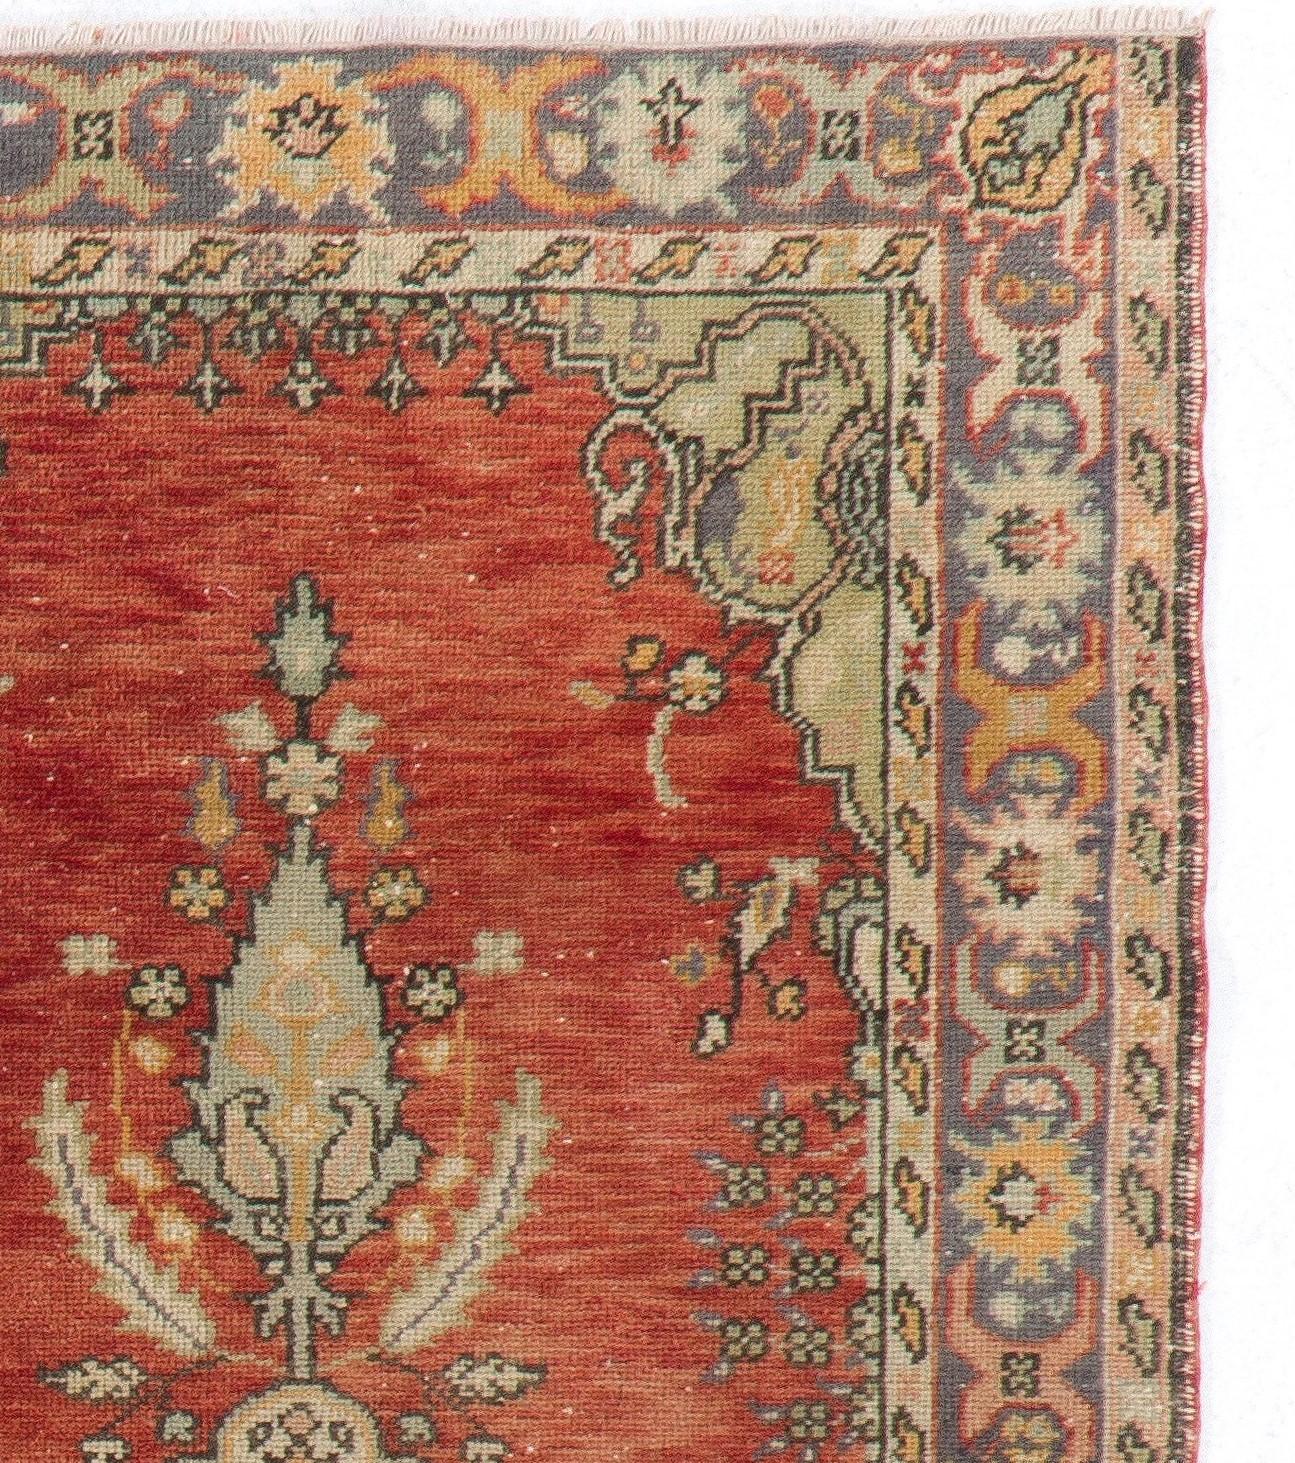 Oushak 3.4x6.5 ft Vintage Handmade Turkish Rug in Warm Red, Beige with Medallion Design
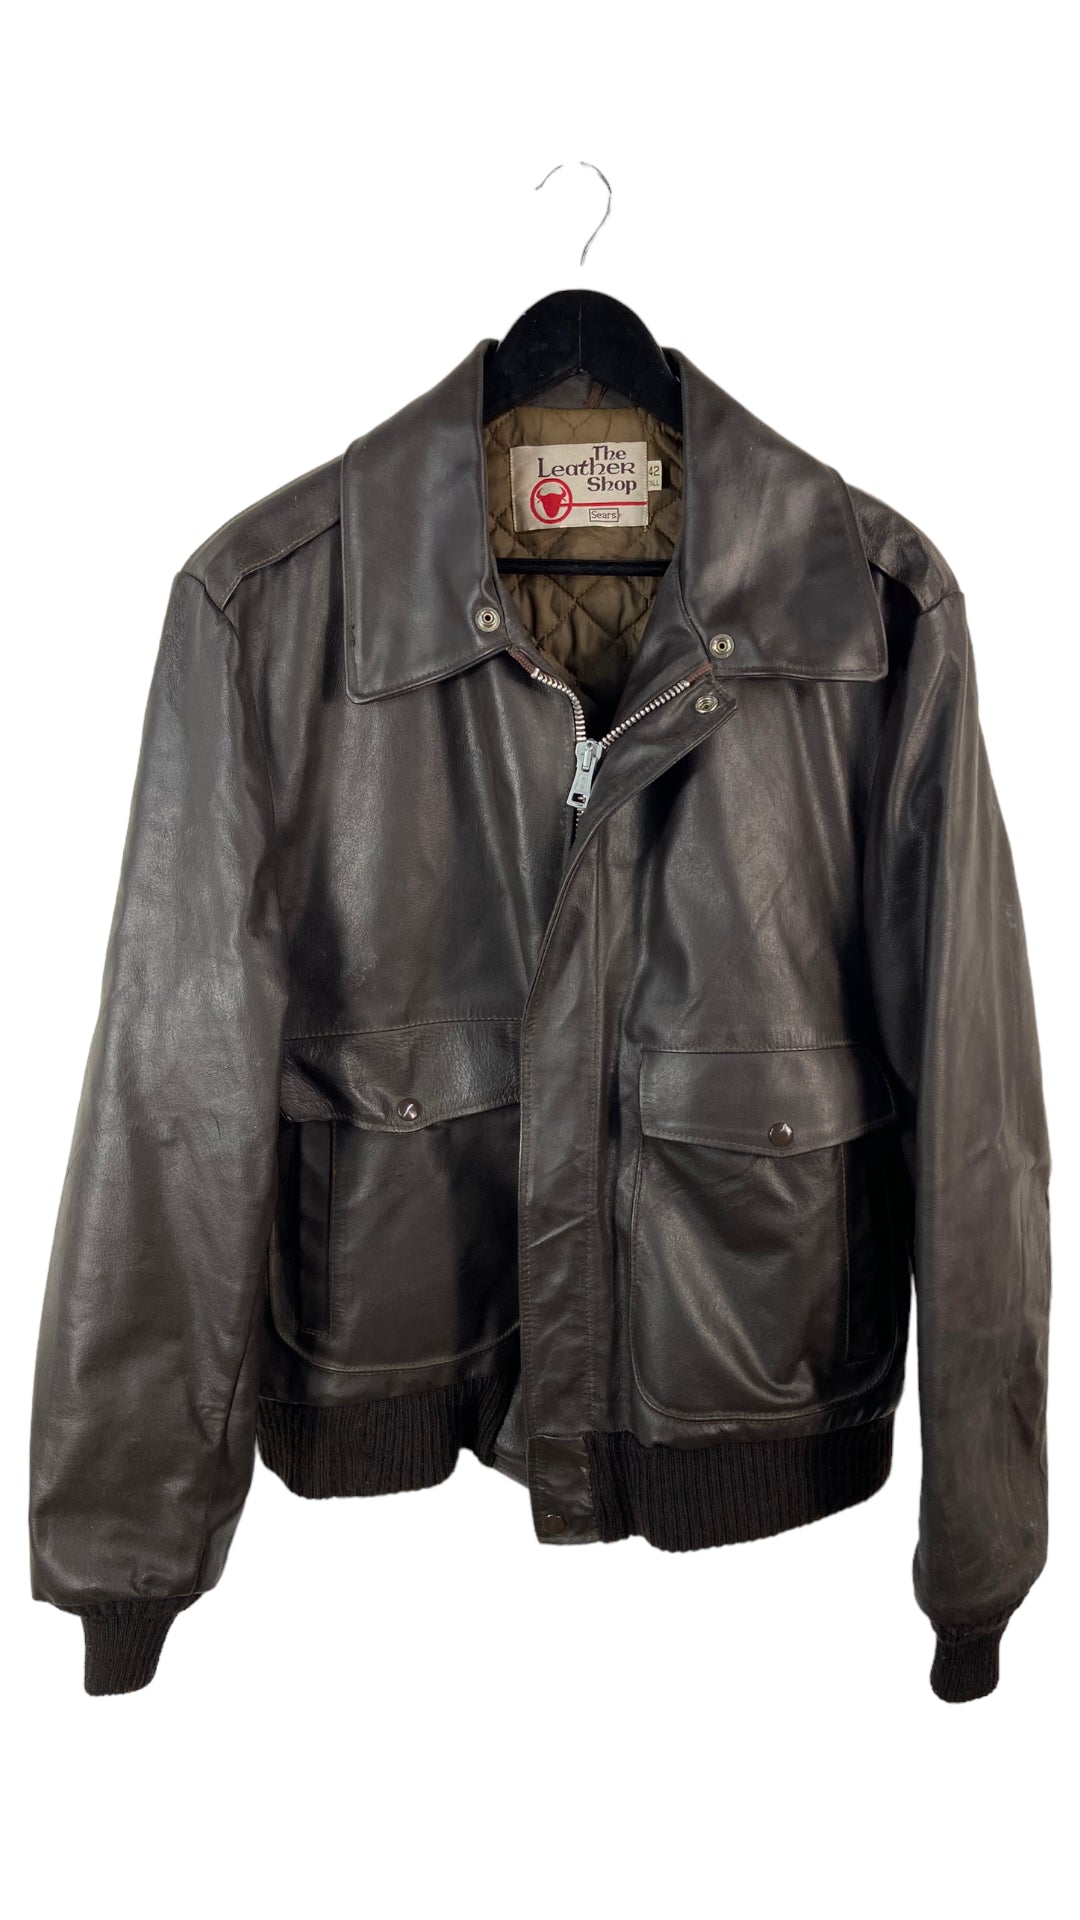 VTG Sears Brown Leather Zip Jacket Sz M/L
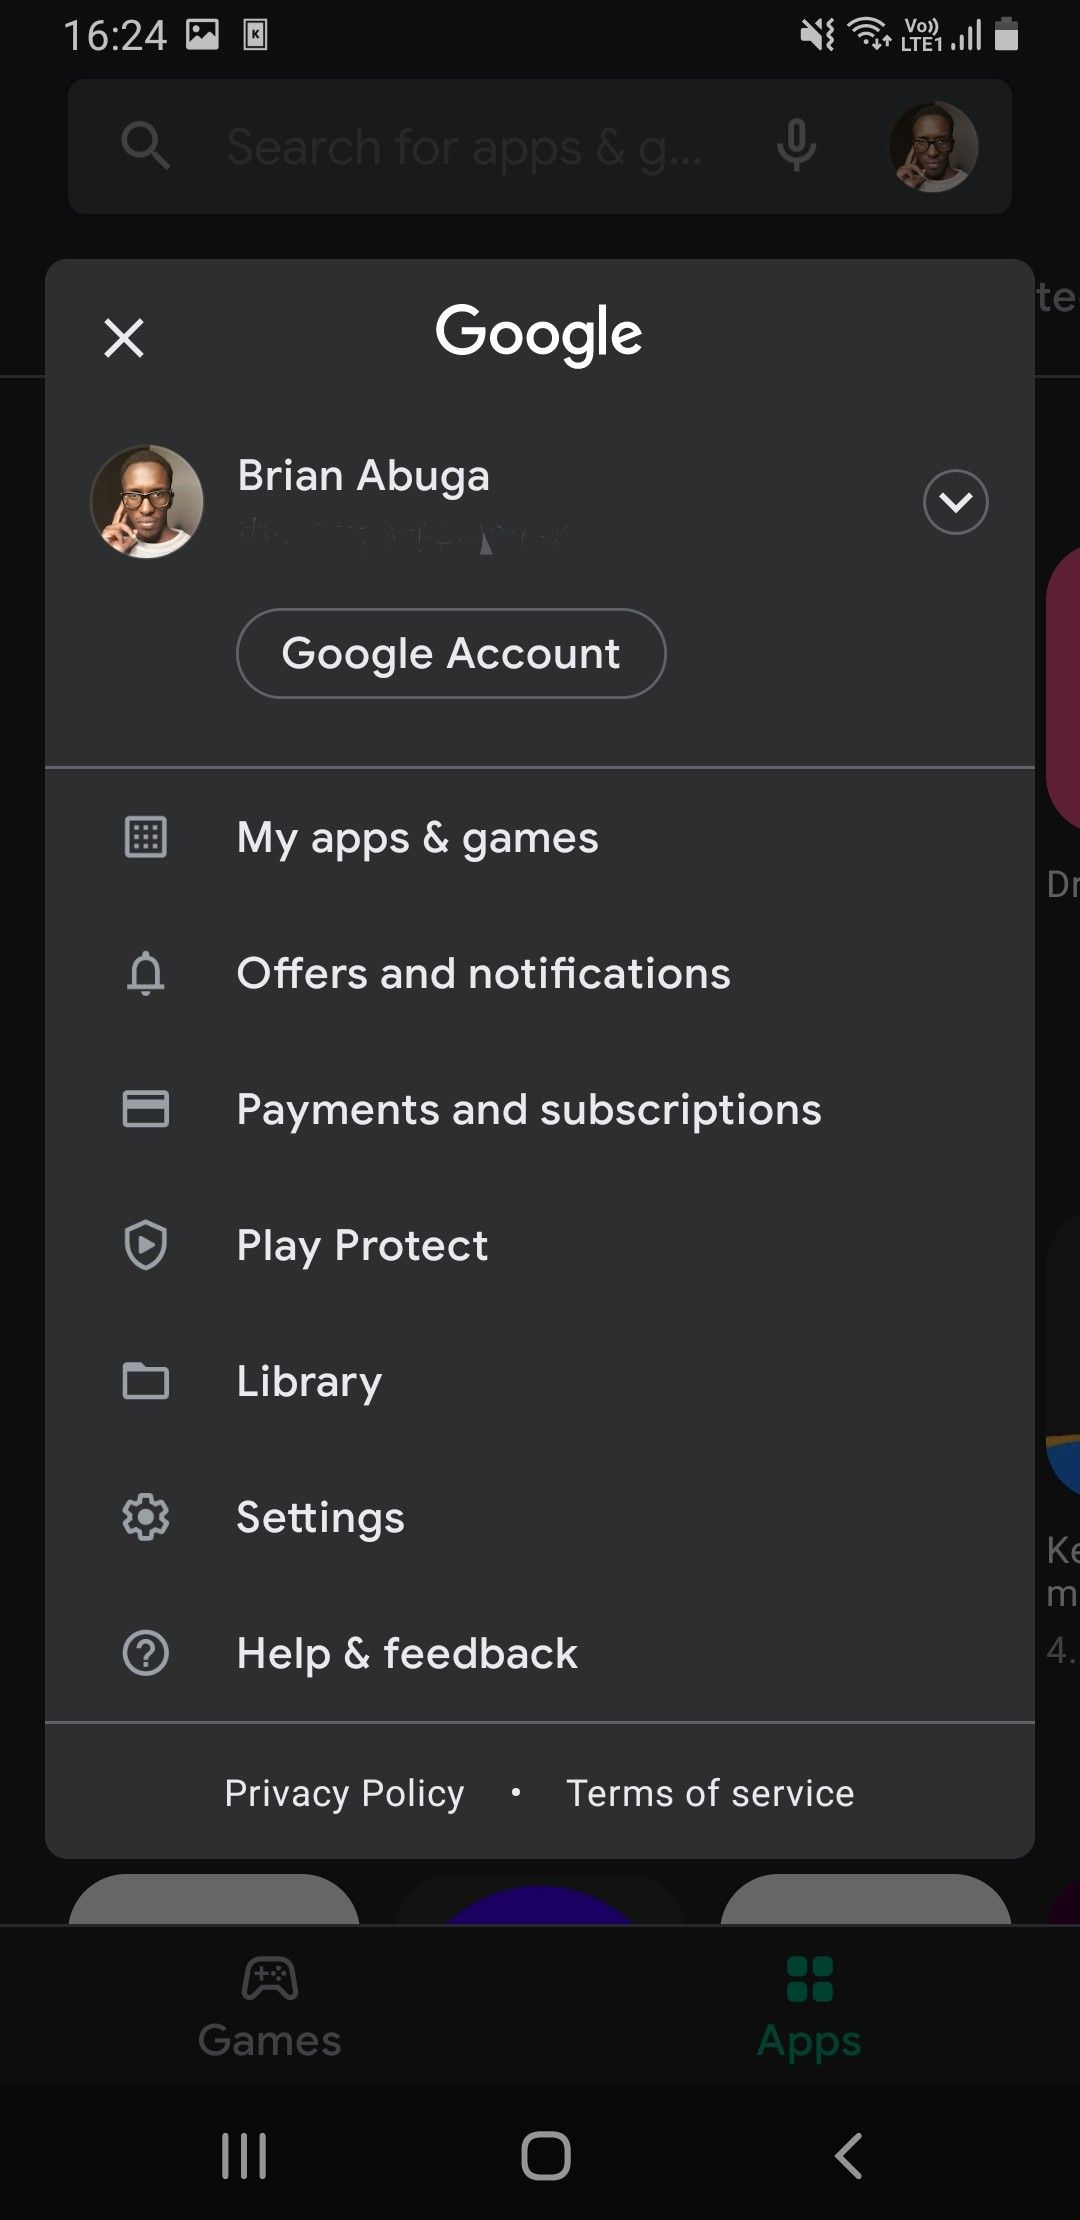 Google Play Store menu in dark mode
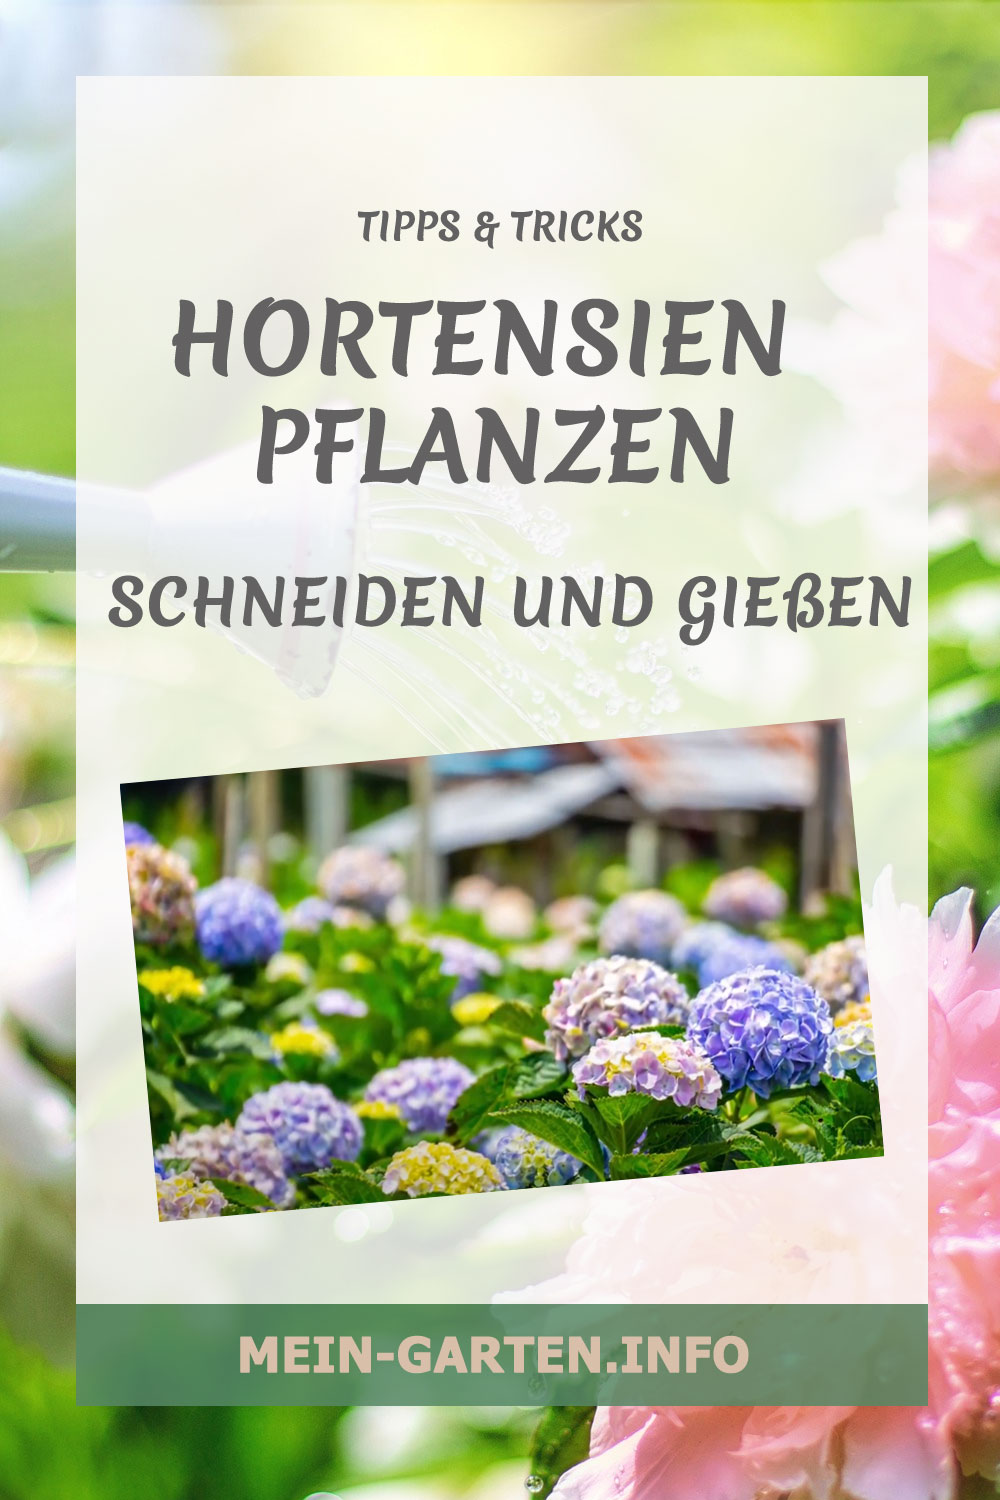 Hortensien - pflanzen
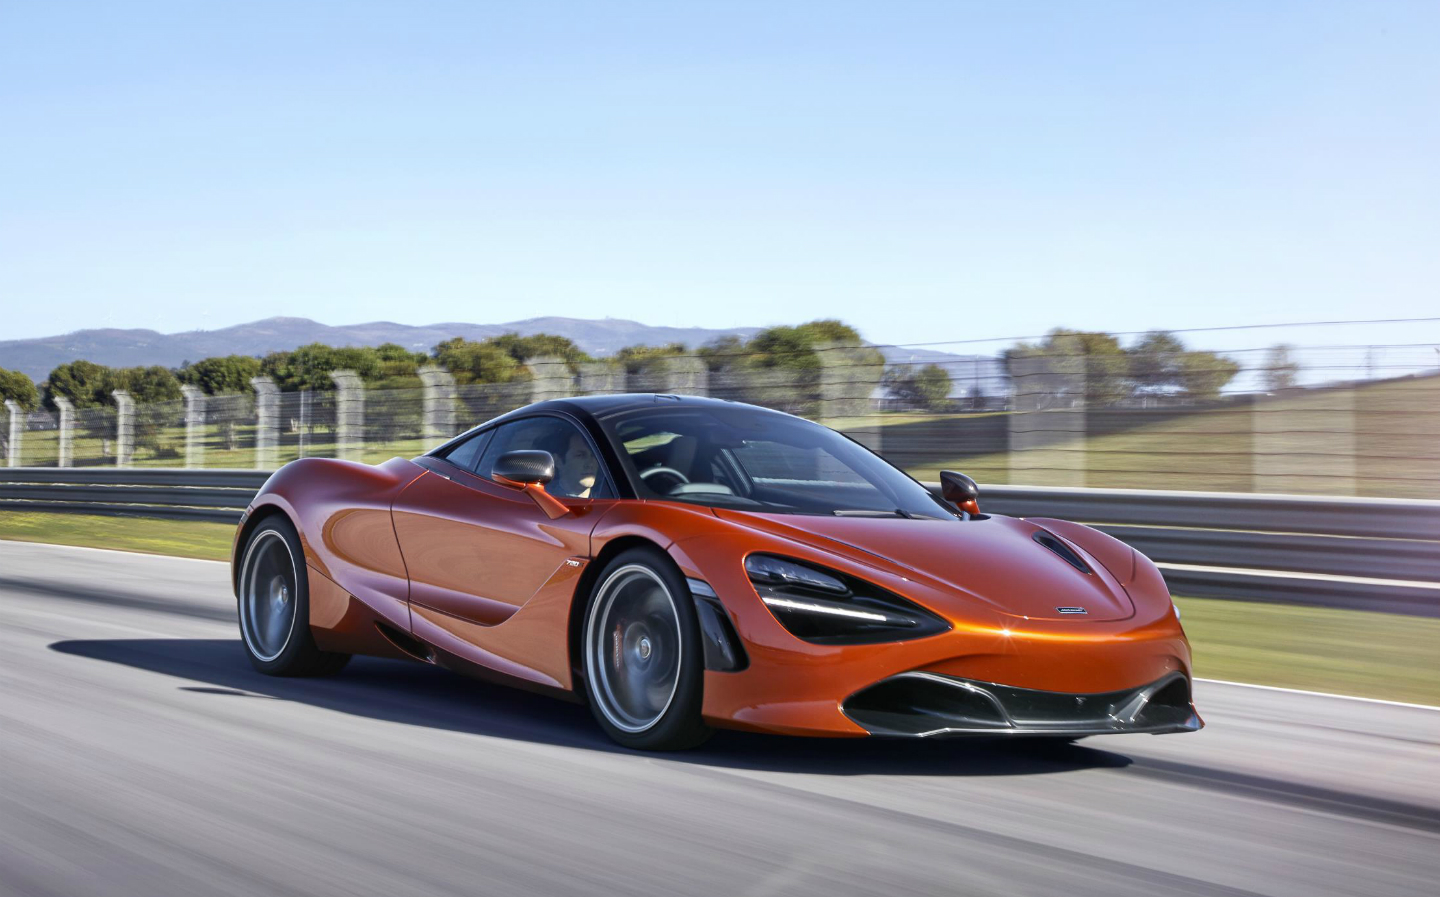 McLaren 720S: British car maker tries to outrun Ferrari

» What to produce
An exact copy of all the entries above is required, with every picture left out.

» Completed exercise
 Oushak 3.4x6.5 ft Vintage Handmade Turkish Rug in Warm Red, Beige with Medallion Design
 VTG Sears Brown Leather Zip Jacket Sz M/L
 Google Play Store menu in dark mode
 Hortensien - pflanzen
 McLaren 720S: British car maker tries to outrun Ferrari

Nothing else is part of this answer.